Again, we reverted to an immaculately flown autopilot ILS intercept and approach, except this time I was instructed to disengage the autopilot at 30 feet above the runway for a manual landing that I managed to accomplish with a fairly smooth flare and a reasonably gentle touchdown. Dignity was restored. — William Reynish

The Link Trainer

Flight simulation began, one might say, in the imagination of Edwin A. Link who, as a young man in New York in the late 1920s, found his desire to be a pilot hampered by the cost of instrument flying lessons. So, using the knowledge gained from his father’s pipe organ business, he built a bellows-activated device that used air pressure and suction to move a pedestal-mounted, aircraft replica, complete with a pilot’s cockpit and controls, that could be "flown" as an instrument flying trainer.

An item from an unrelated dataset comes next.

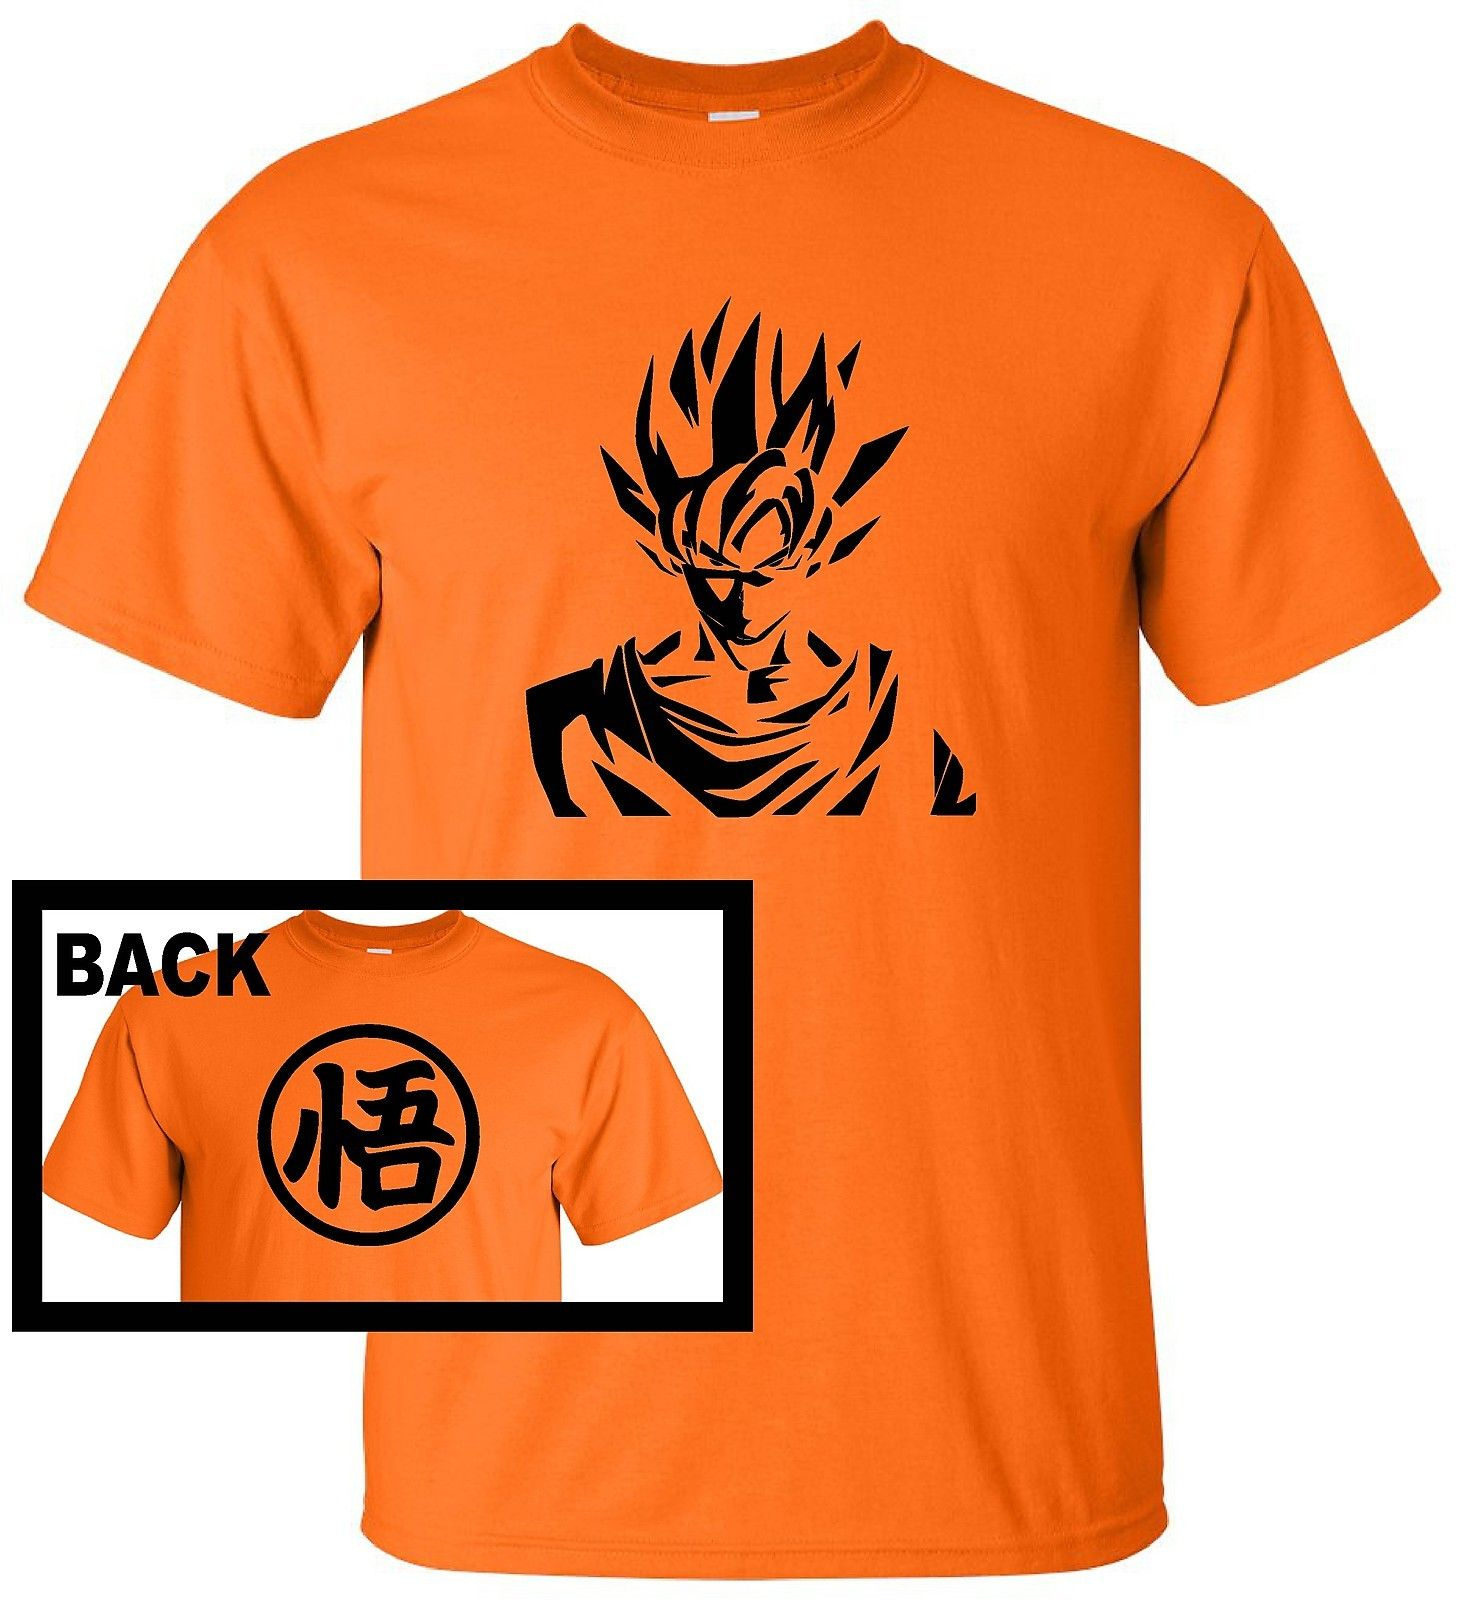 69faf0d4 Japanese Dragon Ball Z Anime DBZ SUPER SAIYAN G2 Funny T Shirt Goku Cosplay Free  shipping tshirt Harajuku Tops Fashion Classic

Inside its completely enclosed cockpit, a student flew prescribed maneuvers that were relayed electro-mechanically to a "crab" that moved across a large, glass-topped table and left an inked trace of the flight path over the map below. At the edge of the table, duplicates of the machine’s airspeed, climb and descent rate indicators and altimeter, showed the instructor how well the student controlled the flight.

Prior to World War II, little interest was shown in Link’s invention, which he called the Link Trainer. But by the end of the war, some 7,000 units were in use by the U.S. military alone, with an unknown but substantial number being used by allied forces and, subsequently, by civil operators.

Ed Link never could have imagined that 80 years after building his first machine, virtually every military and commercial pilot in the world will have benefitted from his legacy. In today’s multi-billion-dollar flight simulation industry, Link’s name is as revered as those of the Wright brothers.